It is shown that power can be increased with this strategy. We also show, using classical statistical and support vector machines techniques in a reanalysis of public data, that the external transcripts, i.e., transcripts other than the one being analysed, explain on average much more variability than the markers themselves. The presence of eQTL hotspots is reassessed in the light of these results.

Conclusion

Model choice is a critical yet neglected issue in genetical genomics studies. Although we are far from having a general strategy for model choice in this area, we can at least propose that any transcript level is scanned not only for the markers genotyped but also for the rest of gene expression levels. Some sort of stepwise regression strategy can be used to select the final model.

Background

Genetical genomics is currently a very active area of research, promising to improve dramatically our knowledge on the genetic architecture of complex traits, including disease susceptibility. Its goal is to identify the polymorphisms responsible for the variation in gene expression levels and thus to improve our understanding of how gene networks are organised in an organism. Thus far, genetical genomics experiments have been analysed considering each expression level one at a time and using fairly simple statistical models, correcting only, e.g., by sex. As a consequence, the results are a collection of successive quantitative trait loci analysis (eQTL in the terminology introduced by Schadt et al. [1,2]), where each gene expression level is analysed independently. It is surprising that much effort has been dedicated to issues like data normalization [3] or computing efficiency [4] whereas modelling the trait itself (i.e., the expression level) has been severely neglected.
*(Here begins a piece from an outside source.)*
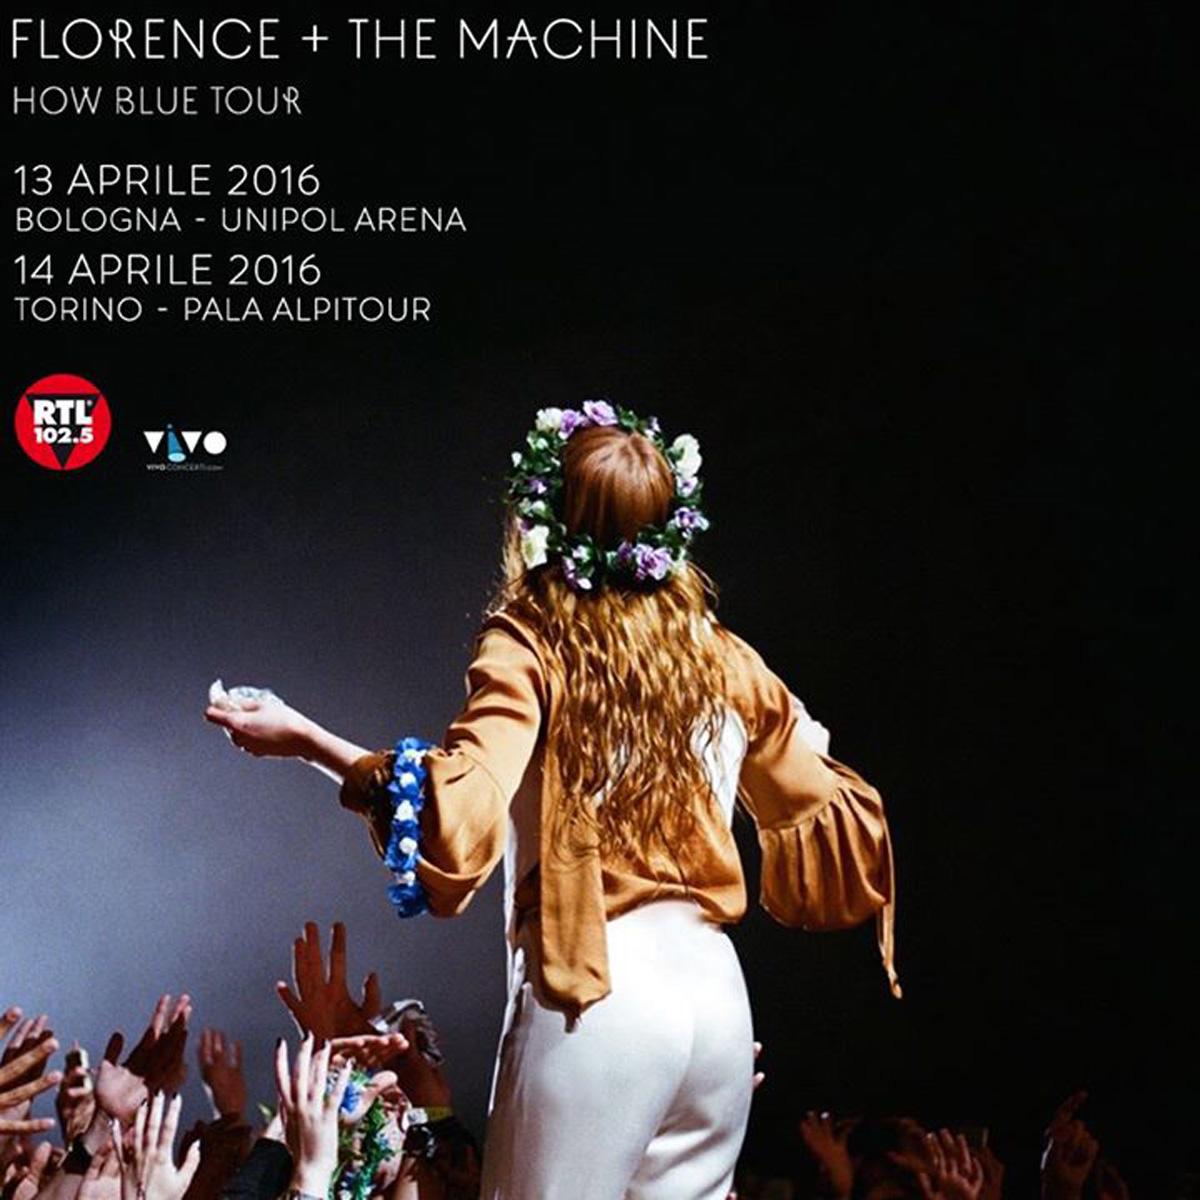 florence and the machine pandora presale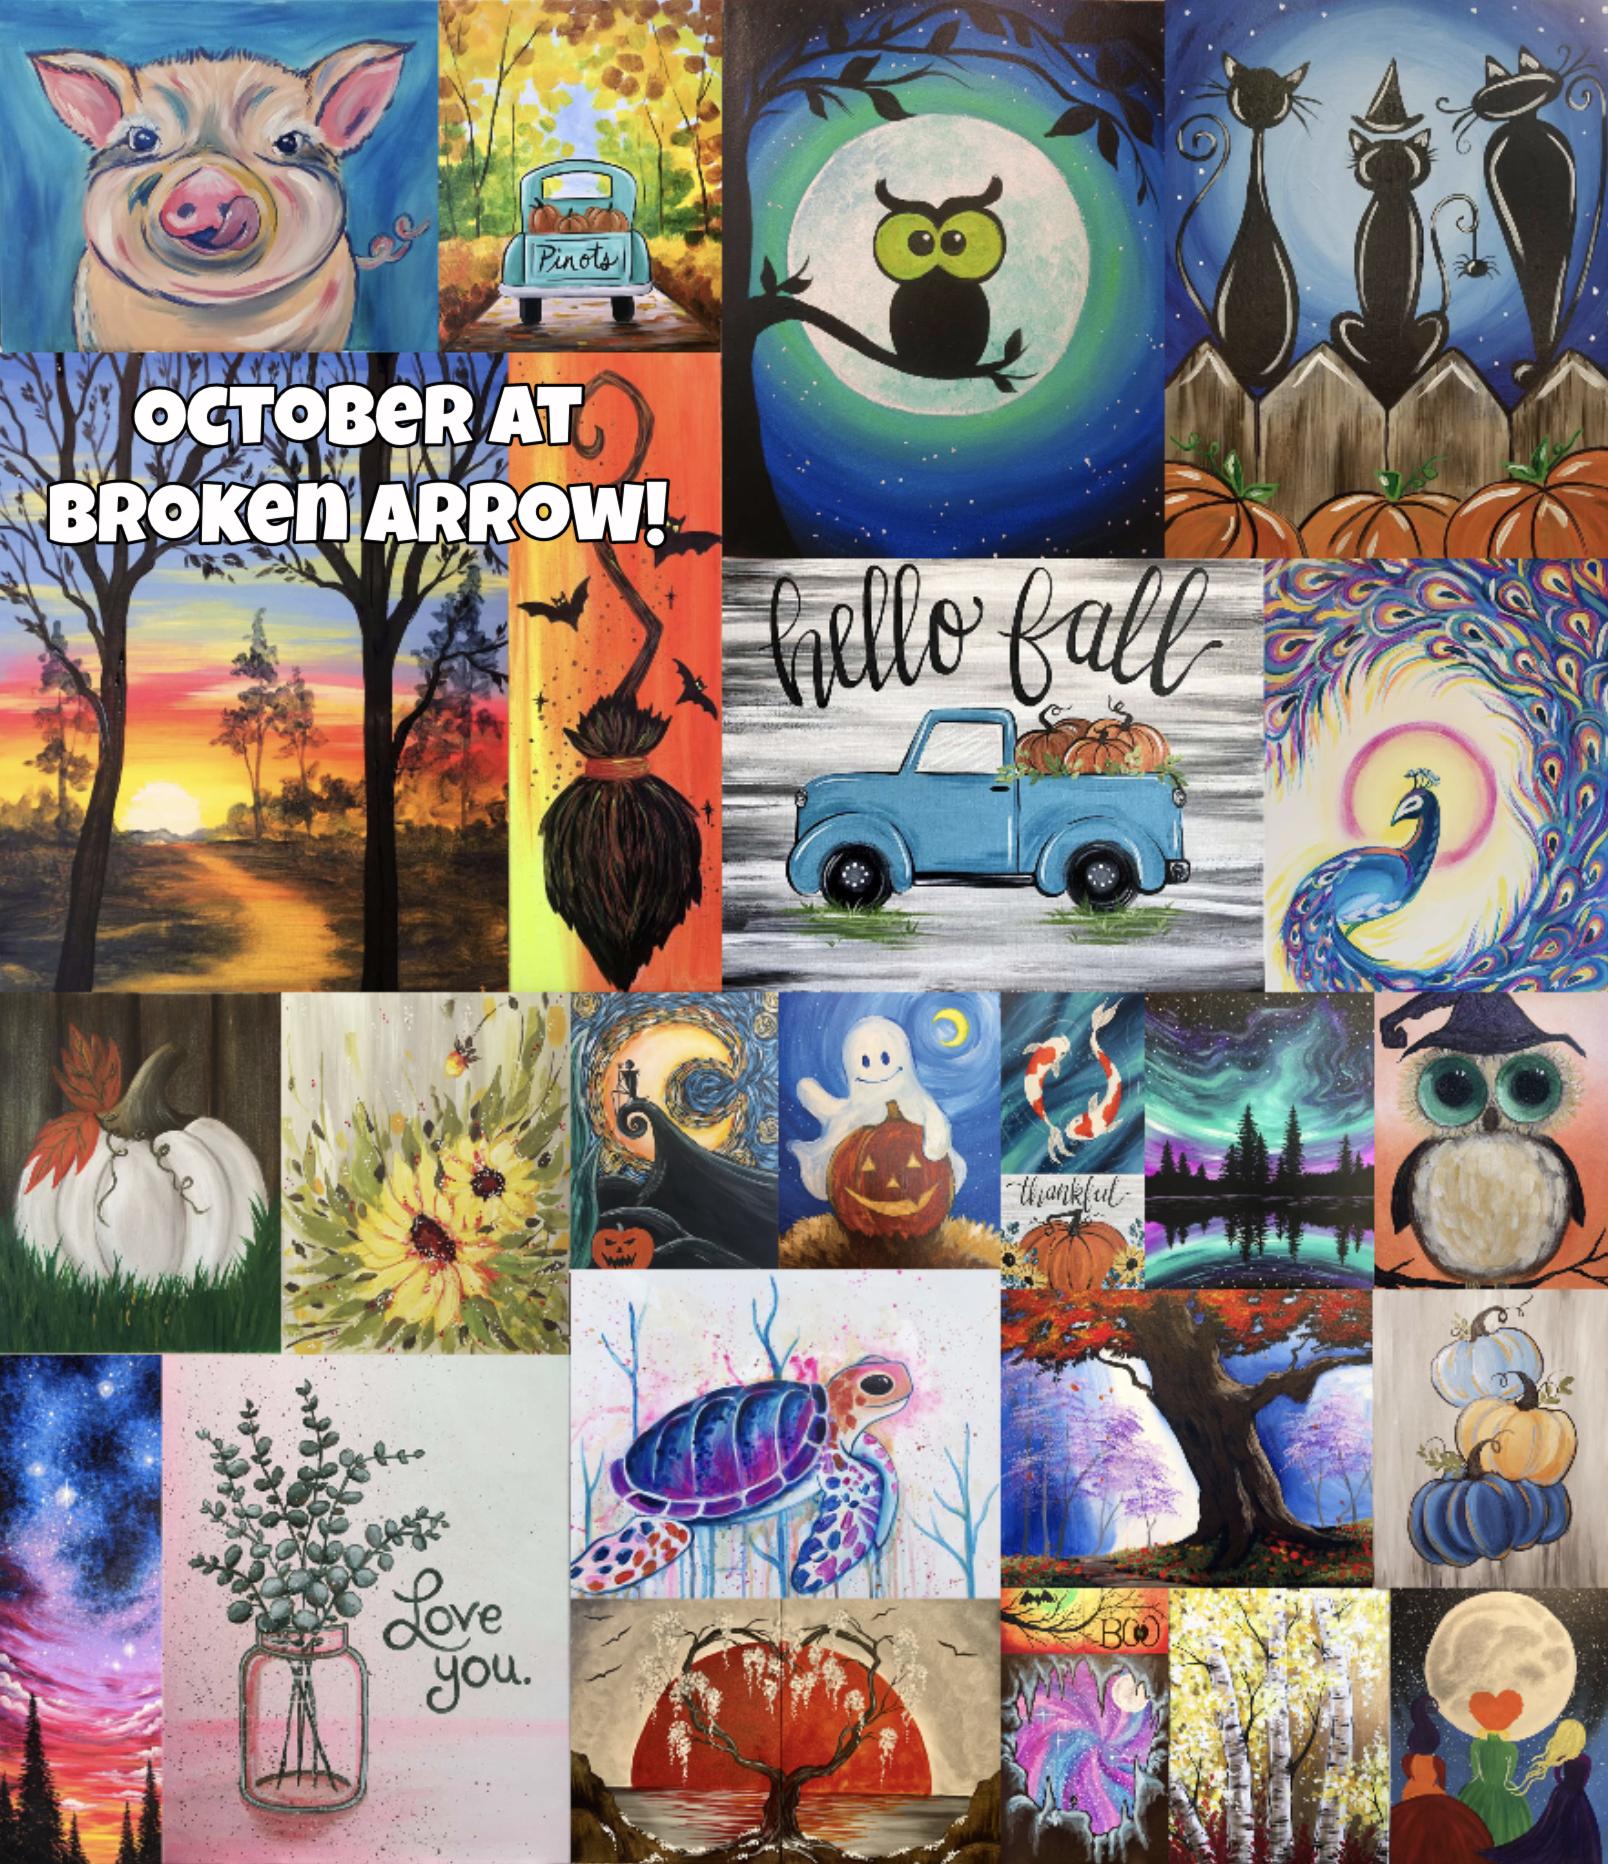 Broken Arrow October Calendar!

Based on two rather reasonable assertions (i) a good modelling strategy should consider all available variables as potential effects in the model, and (ii) gene expressions are highly interconnected, we suggest that an eQTL model for a given gene should consider the rest of expression levels as potential regressors as well as the markers to identify regulatory polymorphisms. The current models are rather naive, which may lead to spurious results, whereas high intercorrelation between transcript levels can make QTL signals difficult to interpret. For instance, it may not be possible to disentangle between a direct effect of the marker on the gene or an indirect (spurious) effect caused by an intermediate gene in the same or co-regulated metabolic route. Here we propose a new analysis paradigm, depicted in Figure Figure1,1, whereby for each trait (i.e., any given expression level), all remaining cDNA levels are potential regressors that can be included in the model.

Figure 1
Approach proposed in this paper. Schematic representation of the analysis of genetical genomics experiment, the blue circles represent the markers tested and the yellow circles, each of the transcript levels analysed, an arrow signifies that the effect ...

The proposed approach provides new insight into genetical genomics data, as we argue later, but first the researcher should be aware of the interpretation of the different strategies. In the usual modelling strategy, when only markers are fitted to explain the expression level, one is interested in picking up markers associated to the trait regardless of other effects. If markers and additional correlated expression levels are included in the model, one will select only those markers that are conditionally associated to the phenotype of interest, that is, after removing the direct effect of external expression levels on the phenotype. The rationale for this is to avoid confounding and improve power by reducing environmental noise. In practice, the issue of what covariables to include can be a difficult choice. Suppose that we are analyzing the effect of some polymorphisms on a phenotype in human populations. Suppose also that this phenotype is affected by sex. If one includes height as well as sex in the model, and because height and sex are correlated, it might be that a 'true' marker effect is attenuated. Here, fitting the marker within each sex class (i.e., fitting an interaction sex × marker) could improve model performance.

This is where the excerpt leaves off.